Daily Kos

Endangered Ethics

Sun Apr 01, 2007 at 06:57:03 PM PDT

Keeping up with scandals in the Bush administration is like trying to follow a tennis match with a thousands players.  Balls are being hit out of bounds from so many directions at once, you could get neck strain just trying to follow them all.  With most of the line judges intent on watching our pro-torture, anti-law Attorney General, it's little wonder that the Fish and Wildlife branch of the Interior Department has gotten little attention.  But at the risk of overloading your outrage meter, it's worth a reminder that the Republicans haven't backed off one iota on seeing that the world is safe for developers at the expense of every species up to and including man.

The most public scandal at the Interior Department is that surrounding Julie A. MacDonald, the deputy assistant secretary for fish and wildlife and parks.  Ms.
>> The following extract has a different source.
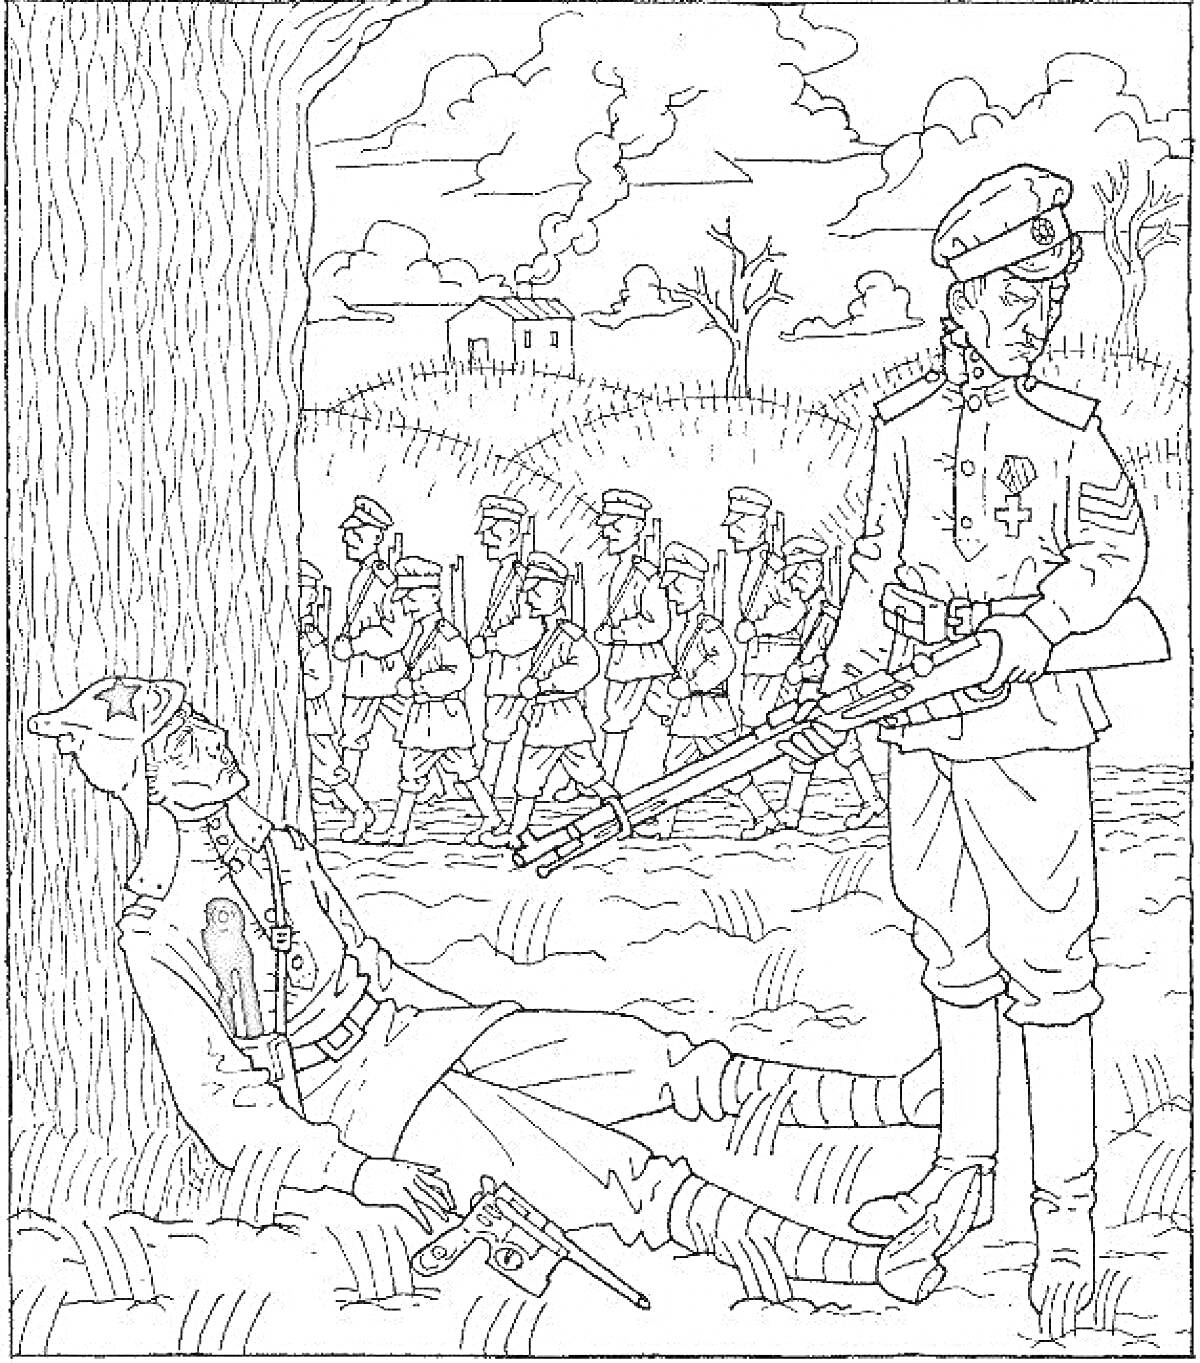 Офицер с винтовкой у дерева с павшим солдатом и марширующие войска на фоне поля с деревьями и домами

Macdonald, who has no training whatsoever in biology, has continued the fine Bush tradition of bullying scientists into producing reports that toss away facts in favor of administration policy.  She's even proven willing to put a species of bird at risk for purely personal reasons.  

H. Dale Hall, director of the Fish and Wildlife Service, recounted a battle he had with Ms. MacDonald over the Southwest willow flycatcher, an endangered bird. Biologists in the field concluded that the bird's nesting range, which determines how much land the government should protect as habitat for the species, was 2.1 miles. Mr. Hall claims that Ms. MacDonald insisted on lowering that to 1.8 miles so that the nesting range would not extend into California, where her husband maintained a family ranch.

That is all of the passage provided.